Whatever the records say, repeat them exactly as given.

• _Data excerpts_
⟨
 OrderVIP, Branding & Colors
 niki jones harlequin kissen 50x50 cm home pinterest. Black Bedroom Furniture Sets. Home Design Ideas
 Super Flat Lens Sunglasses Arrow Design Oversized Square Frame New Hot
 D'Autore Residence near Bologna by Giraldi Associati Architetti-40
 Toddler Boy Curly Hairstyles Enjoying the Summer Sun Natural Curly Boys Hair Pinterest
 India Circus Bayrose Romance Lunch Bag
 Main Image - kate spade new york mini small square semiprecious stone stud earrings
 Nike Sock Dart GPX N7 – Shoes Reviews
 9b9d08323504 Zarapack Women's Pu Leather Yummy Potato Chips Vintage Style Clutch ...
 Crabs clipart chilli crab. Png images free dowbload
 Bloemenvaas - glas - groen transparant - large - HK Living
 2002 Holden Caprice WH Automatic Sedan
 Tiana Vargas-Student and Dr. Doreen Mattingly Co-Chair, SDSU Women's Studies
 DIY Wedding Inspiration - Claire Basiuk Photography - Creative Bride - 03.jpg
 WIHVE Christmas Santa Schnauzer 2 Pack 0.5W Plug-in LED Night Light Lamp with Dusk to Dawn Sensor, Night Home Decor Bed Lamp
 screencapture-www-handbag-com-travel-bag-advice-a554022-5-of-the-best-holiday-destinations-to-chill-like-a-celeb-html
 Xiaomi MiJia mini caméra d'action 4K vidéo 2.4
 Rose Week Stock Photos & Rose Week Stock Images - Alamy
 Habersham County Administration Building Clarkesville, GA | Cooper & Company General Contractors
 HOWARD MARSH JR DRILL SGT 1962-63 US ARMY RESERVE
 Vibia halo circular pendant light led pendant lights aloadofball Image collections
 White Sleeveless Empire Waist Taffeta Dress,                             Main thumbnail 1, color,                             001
⟩
• _Task response_
 OrderVIP, Branding & Colors
 niki jones harlequin kissen 50x50 cm home pinterest. Black Bedroom Furniture Sets. Home Design Ideas
 Super Flat Lens Sunglasses Arrow Design Oversized Square Frame New Hot
 D'Autore Residence near Bologna by Giraldi Associati Architetti-40
 Toddler Boy Curly Hairstyles Enjoying the Summer Sun Natural Curly Boys Hair Pinterest
 India Circus Bayrose Romance Lunch Bag
 Main Image - kate spade new york mini small square semiprecious stone stud earrings
 Nike Sock Dart GPX N7 – Shoes Reviews
 9b9d08323504 Zarapack Women's Pu Leather Yummy Potato Chips Vintage Style Clutch ...
 Crabs clipart chilli crab. Png images free dowbload
 Bloemenvaas - glas - groen transparant - large - HK Living
 2002 Holden Caprice WH Automatic Sedan
 Tiana Vargas-Student and Dr. Doreen Mattingly Co-Chair, SDSU Women's Studies
 DIY Wedding Inspiration - Claire Basiuk Photography - Creative Bride - 03.jpg
 WIHVE Christmas Santa Schnauzer 2 Pack 0.5W Plug-in LED Night Light Lamp with Dusk to Dawn Sensor, Night Home Decor Bed Lamp
 screencapture-www-handbag-com-travel-bag-advice-a554022-5-of-the-best-holiday-destinations-to-chill-like-a-celeb-html
 Xiaomi MiJia mini caméra d'action 4K vidéo 2.4
 Rose Week Stock Photos & Rose Week Stock Images - Alamy
 Habersham County Administration Building Clarkesville, GA | Cooper & Company General Contractors
 HOWARD MARSH JR DRILL SGT 1962-63 US ARMY RESERVE
 Vibia halo circular pendant light led pendant lights aloadofball Image collections
 White Sleeveless Empire Waist Taffeta Dress,                             Main thumbnail 1, color,                             001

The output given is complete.